For Francisco Aguilar, CEO of Bounce Imaging (see sidebar), MassChallenge was invaluable for finding everything from engineers to legal help to access to software programs such as SolidWorks, which otherwise would have been expensive to license. The cofounders “know everyone in the world and want to connect you,” he says. And while those with experience in electronics like himself may know how to design a product, the mentors at MassChallenge have the background in finance and investing, customer segregation and publicity to get a company off the ground. Bounce has received accolades from Popular Science, and the Explorer was named one of Time Magazine’s Best Inventions of 2012.

“MassChallenge has been essential to our success and traction,” Aguilar says. “We could have been working on this for years.”

MassChallenge is open to any early-stage entrepreneurs, be they in software or hardware. What all teams must have, Harthorne says, is a good plan, the willingness to work their butts off, and to be lucky. The competition helps, too. “You can genuinely hurt a startup by being too easy on them.”

Electronics engineers take note: MassChallenge is in the business of helping startups, not hurting them. We may take our iPhones and Bose speakers for granted today, but every company started with an inventor and an idea. MassChallenge has created a pathway for the next Steve Jobs or Amar Bose to turn their vision for a better tomorrow into reality. That’s an exciting path to be on.


Exciting Times

“Our industry has gotten (expletive) boring. We need to make it exciting.” So says Rich Breault, president of Lightspeed Manufacturing, the CIRCUITS ASSEMBLY EMS Company of the Year.

Breault’s frankness belies the serene landscape inside One Marina Park Drive, where engineers and innovators are quietly plugging away at their cubes. A few take up a game of Ping Pong, while others mill in small groups of two or three, comparing notes like college students in a library, which some still are, it should be noted.
Breault began teaming with MassChallenge two years ago. In 2012, Lightspeed put a small lab inside the Boston accelerator’s headquarters. The EMS firm provides onsite assembly help, aided by a collection of software (Solidworks and AutoCAD) and hardware tools (soldering irons, a Sciencescope meter, and a Formlabs 3D printer).
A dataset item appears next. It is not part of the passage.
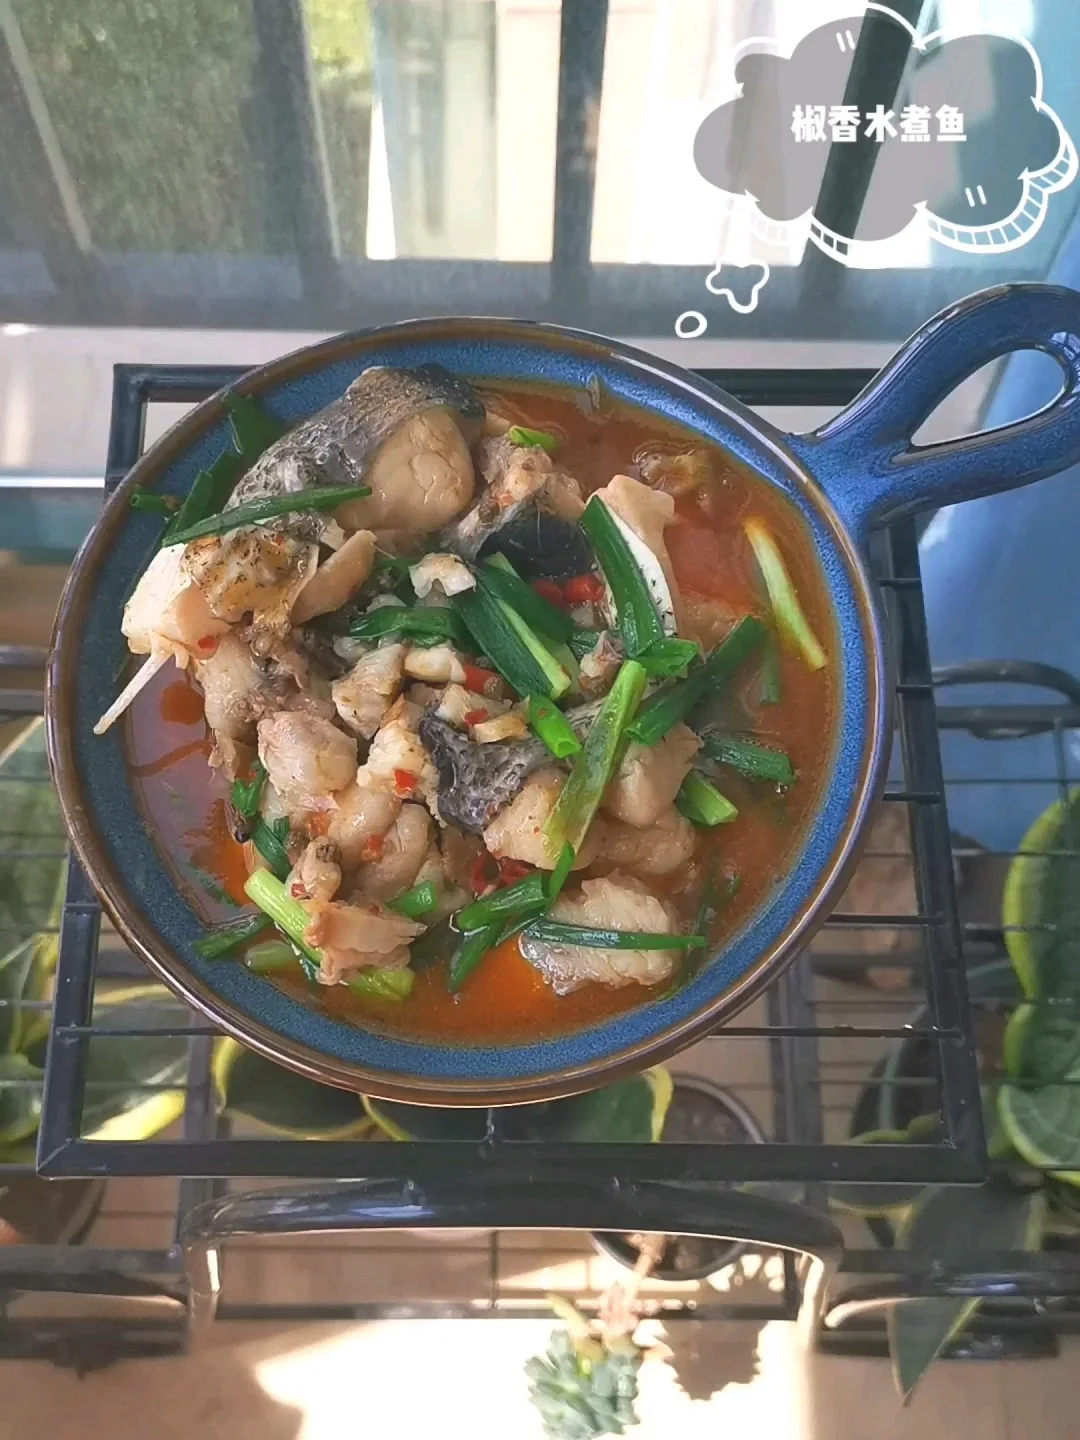 花椒鱼的做法-麻辣味煮菜谱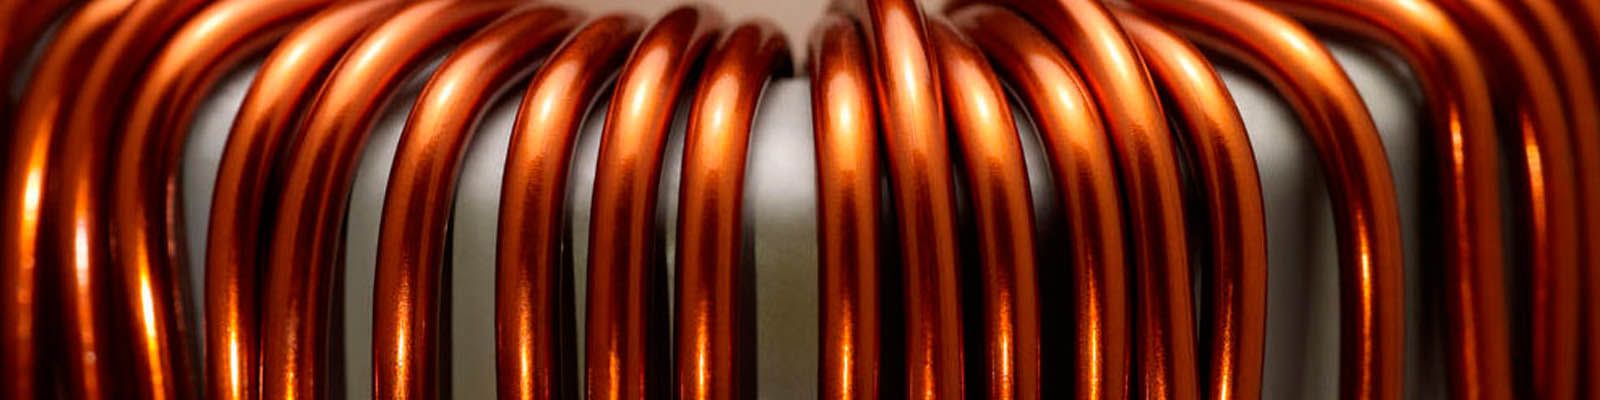 Talleres Arisa alambres de cobre

When MassChallenge relocates next year to another site nearby, Breault plans to expand his operation to include a full SMT line, including a pair of Quad placement machines building prototypes, a drill press and belt sander for mockups, and a full-time staffer to run the Lightspeed “Answer Desk.”

Lightspeed’s involvement has led the EMS firm to Bounce Imaging, on whose board Breault now sits. Struck and dismayed by the aftermath of the Haiti earthquake in 2010, when responders could not get quickly to the hundreds of thousands of victims, Bounce founder Francisco Aguilar conceived a low-cost camera for first responders that can be used without special training. Aided by Breault’s manufacturing help, the company’s device, named Explorer, won $50,000 in the 2012 MassChallenge.

With the Explorer, Aguilar sees a huge potential market for police and firefighters who on a daily basis experience the same basic problems, if to a different degree. And since then, Lightspeed has picked up three additional customers via the MassChallenge.